The last two pictures are of items with Doraemon pictures on that I found in the grocery store here in Dameisha.

Monday/ all systems go

The ice cream was a welcome little snack we got on the plane ride in to Hong Kong.     It was 1 am by the time I checked into the Pattaya Hotel in Dameisha (view from my balcony this morning) .. my driver and I again had long waits at the border crossings out of Hong Kong and into mainland China (this is at 12 midnight on a Sunday night !).     We also run into a lot of  traffic into work this morning.    Someone said a journalist from Hong Kong to demonstrated recently that almost anyone can get into the main security entrance gate and that there has been a crackdown and every vehicle is now checked.
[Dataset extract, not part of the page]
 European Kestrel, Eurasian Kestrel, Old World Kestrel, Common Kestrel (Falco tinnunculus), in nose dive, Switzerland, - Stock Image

So here at the work site the final upload sequence into the live SAP production system (as we call it) has started.   It’s all systems go!  and all hands on deck!  for the teams.     Wish us well !

Sunday/ at Narita airport

I’m on solid ground here in the airport lounge and happy to report nothing is a-wry.   I got my boarding pass as well.  It’s an All Nippon Airlines flight masquerading as a Continental flight that will take me to Hong Kong.    I snapped all the pictures the last hour or so.   Oh, no Tin tin books but I did get two Doraemon books from which I will post some pictures later.
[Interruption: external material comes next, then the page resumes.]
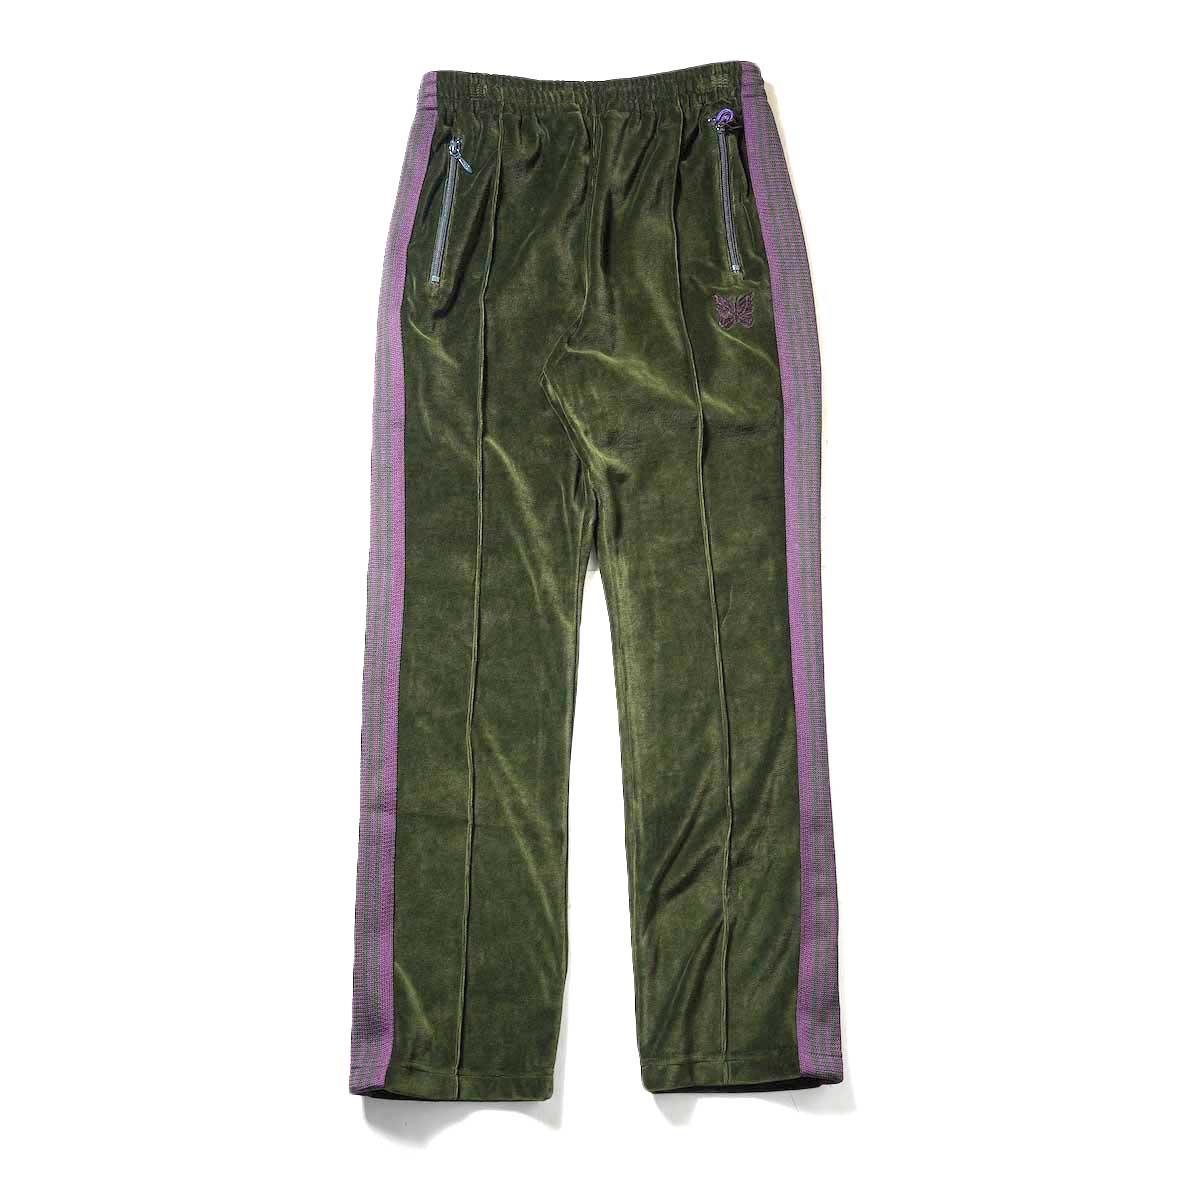 Needles / NARROW TRACK PANT - C/PE VELOUR (Green)正面

The pictures :  I’m at Terminal 1, the International terminal / view outside of Terminal 1/ set your watch to Japan time, 16 hrs ahead of Seattle time/  the Narita aiport mascot points to something / my childhood favorite Kit Kat candy bars are available in green tea and wasabi flavor here / the red lettering ‘K’S COFFEE SHOP’ looks like Starbucks but its not, it’s Beck’s Coffee Shop /  ever seen a paper hippopotamus?  it’s from the origami art store, as is the scene from Red Riding Hood and the Big Bad Wolf !  he heh / check out the tuft of hair that the Gap Japan dude is sporting / and a Newsweek magazine showing 3.11 (as the day of the earthquake became known)
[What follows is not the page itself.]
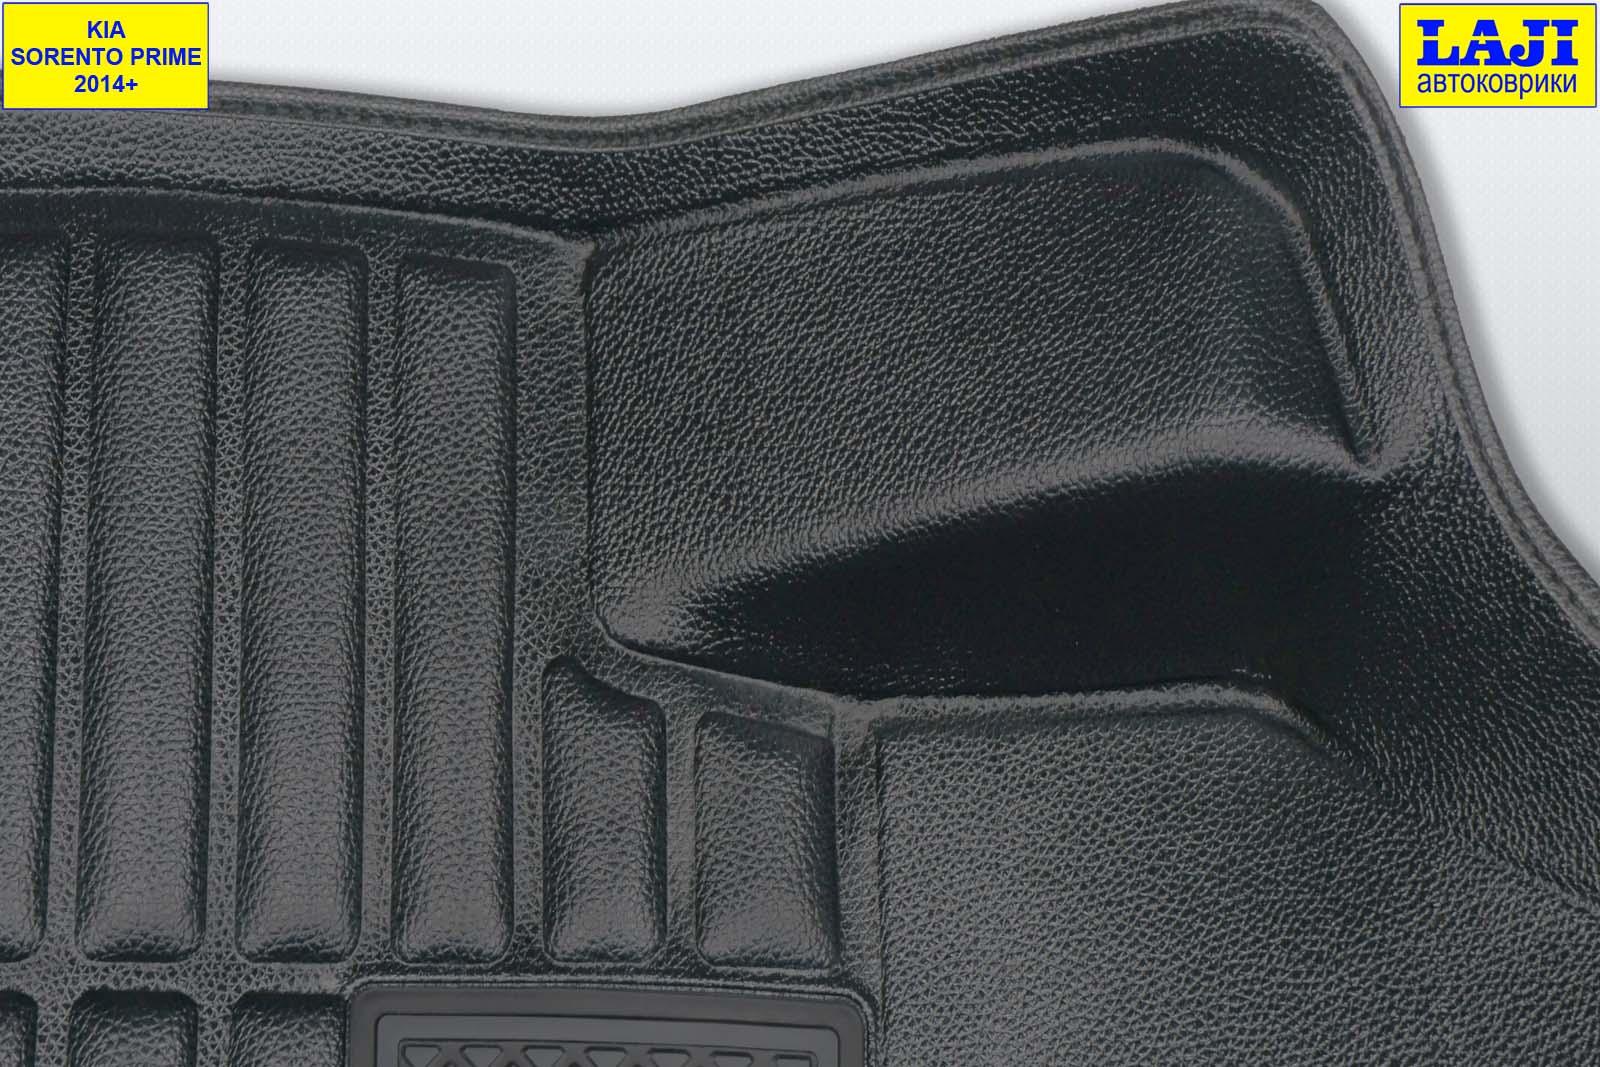 5D коврики в салон KIA Sorento Prime UM 2014-2020 6

Saturday/ Hong Kong via Tokyo

I am at Seattle-Tacoma airport.   A Boeing 777 is going to fly us to Tokyo’s Narita airport.  There is also Haneda airport, closer to the city.    I see there was another tremor of 5.8 that shook buildings in Tokyo this Saturday morning there.    The layover time for the flight from there to Hong Kong is 3 hrs so I hope everything will be OK.   I’m not used to earthquake tremors!   (Is anyone?)    I actually need a little extra time since  United couldn’t issue my Tokyo-Hong Kong boarding pass – I have to get it in Tokyo.   (The connecting flight is is on ‘another’ air-line :  Continental.     So given that Continental and United are merging, they still have some merging to do!     I can also check out some of the souvenir and book stores at the airport.      Maybe I will find a Japanese-language Tintin book to add to my collection (classic European comic strip book from the 30s now translated in 50 languages).      I can also look for a book with the Doraemon character that I have seen on sweatshirts that my China colleagues wear.     Doraemon is an earless robotic cat (!) who travels back in time from the 22nd century to aid a schoolboy Nobita Nobi.     The character is a Japanese cultural icon and was riginally a manga series which later became an anime series and an Asian franchise.

Friday/ leaving tomorrow

The cloudy and rainy winter weather here in Seattle still lets up only now and then, and then I feel I have to run out and take pictures of the blue sky and buildings that reflect it.  I took the first two pictures in the Virginia St/ 9th Ave area on Thursday.      The Tutta Bella pizza restaurant is in Columbia City on the south in Seattle and is where we had some wood-fired pizza on Friday night.   We saw on the oven thermometer that it is a singeing 750 ºF (400 ºC) inside.   At that temperature it takes only 90 seconds to bake the pizza!    I fly to Tokyo’s Narita airport tomorrow directly from Seattle, and then to Hong Kong.    There is a few hours between the connecting flights, and I should have time to check out the stores at the airport.